Mention construction delays to industry veterans, and they’ll regale you with tales of projects running weeks, months, or even year late.

A startling survey by the AGC highlights the gravity of the situation:

Given the numerous elements and players in a construction project, it’s clear how even minor changes can disrupt a timeline. A single day’s delay can lead to massive costs, often paired with hefty fees or penalties. Companies unable to streamline their schedules risk dwindling profit margins.

What’s more concerning is that while these delays plague the industry, they offer no benefits. Delays create an environment ripe for disputes and claims that drain resources and foster conflict, eroding crucial business relationships vital for future growth. While some delays, like those due to weather, are inevitable, most are preventable. Reducing or eliminating them can save significant costs, especially overruns.

Luckily, embracing project controls can substantially improve a project’s chance of timely completion. Confronting scheduling issues head-on is one of the best approaches. This article delves into he four major categories of construction delays, their common causes, and introduces innovative project control tools to help contractors sidestep these pitfalls.
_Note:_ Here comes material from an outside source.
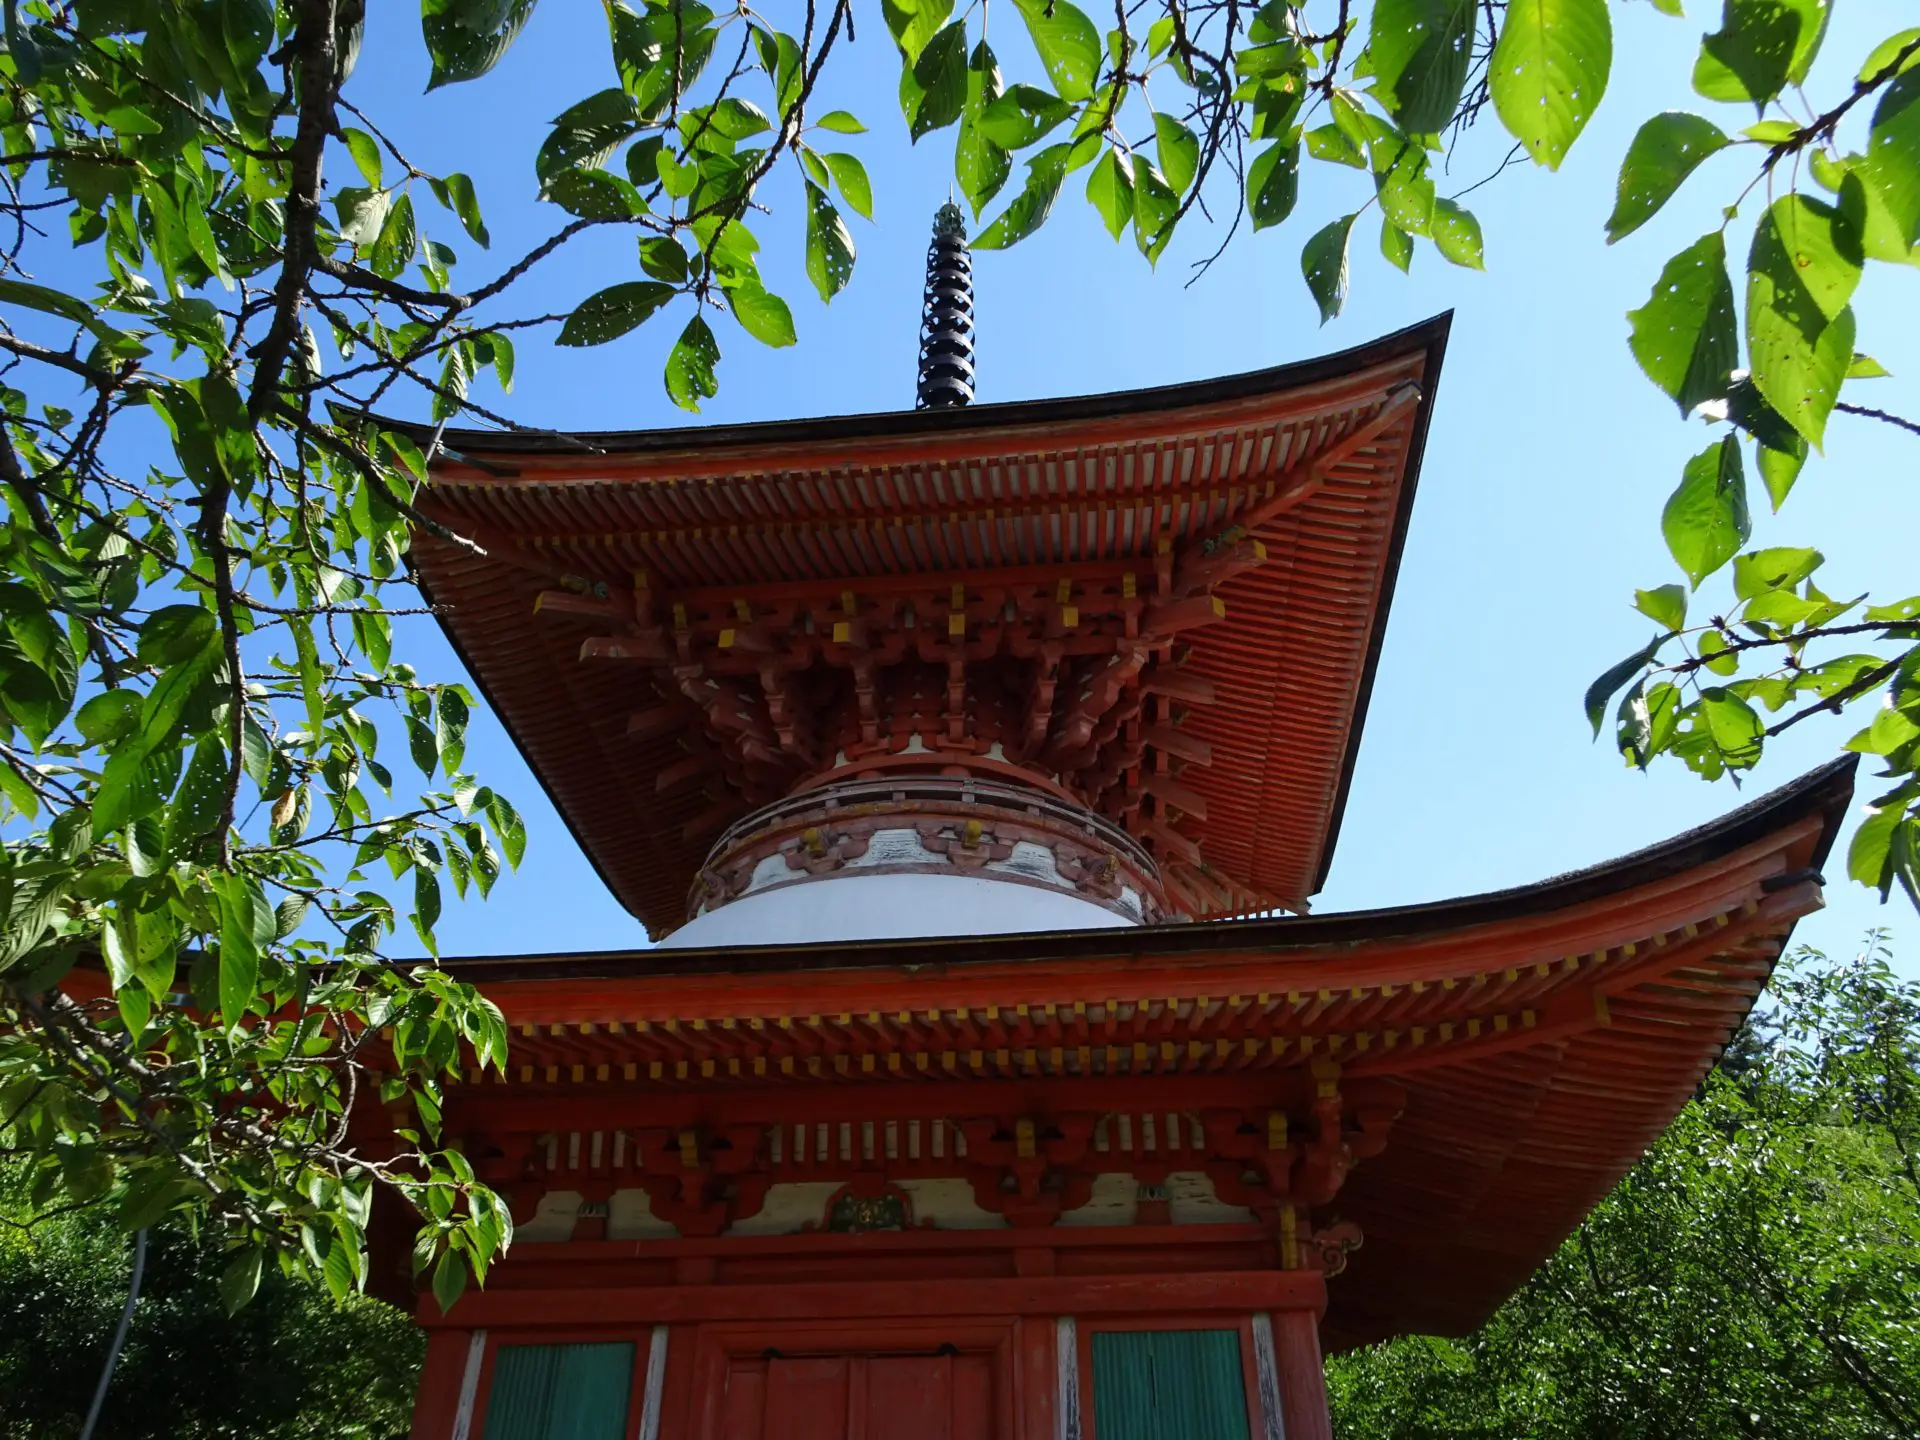 A small red pagoda surrounded by trees

The 4 Categories of Construction Delays


At its core, a delay in construction signifies a deviation from the planned timeline. It refers to tasks happening later than anticipated, planned activities being postponed, or a general lack of timely action. Since every construction project is guided by a schedule, any delay in a specific task can ripple through and affect overall project completion or other key deadlines, like milestones.

Before diving deep into delay analysis, it’s pivotal to categorize these delays. This helps builders, especially those handling construction oversight, managing project controls, or supervising the construction timeline, to strategize more effectively. Below, we’ll explore the four main categories of delays and suggest “controls” that can help mitigate their impact.


Critical vs. Non-Critical Delays


When examining delays it’s crucial to differentiate between delays that:

  1. Influence the overall progress of a project, like its end date or significant milestones, and
  2. Are absolutely vital for project completion.

Notably, many delays might seem significant but don’t actually alter the final project timeline or its critical path. A robust understanding of which delays will and won’t affect project completion is essential for effective project management.

  • Critical Delays: These directly impact the project’s completion. Originating from the Critical Path Method (CPM) of scheduling, they represent delays in activities that, if postponed, will shift the project’s end date.
  • Non-Critical Delays: These are delays that, while may affect certain tasks, don’t extend the project’s final completion date.

For instance, a delay in laying a house’s foundation would undeniably result in a critical path delay. In contrast, a setback in carpet installation might not have such a direct impact on the project’s end date. It’s noteworthy to mention that every project encounters “critical delays” irrespective of whether the CPM scheduling method shaped its timeline. Each schedule inherently has a “critical path.”

Factors determining which activities influence the project completion include:

  • The nature of the project.
  • The contractor’s planning and scheduling, especially its critical path.
  • Contractual sequence and phrasing stipulations.
  • Practical construction considerations related to the project.

When conducting a delay analysis, always incorporate “contemporaneous information” like daily reports, current schedules, and other pertinent project data.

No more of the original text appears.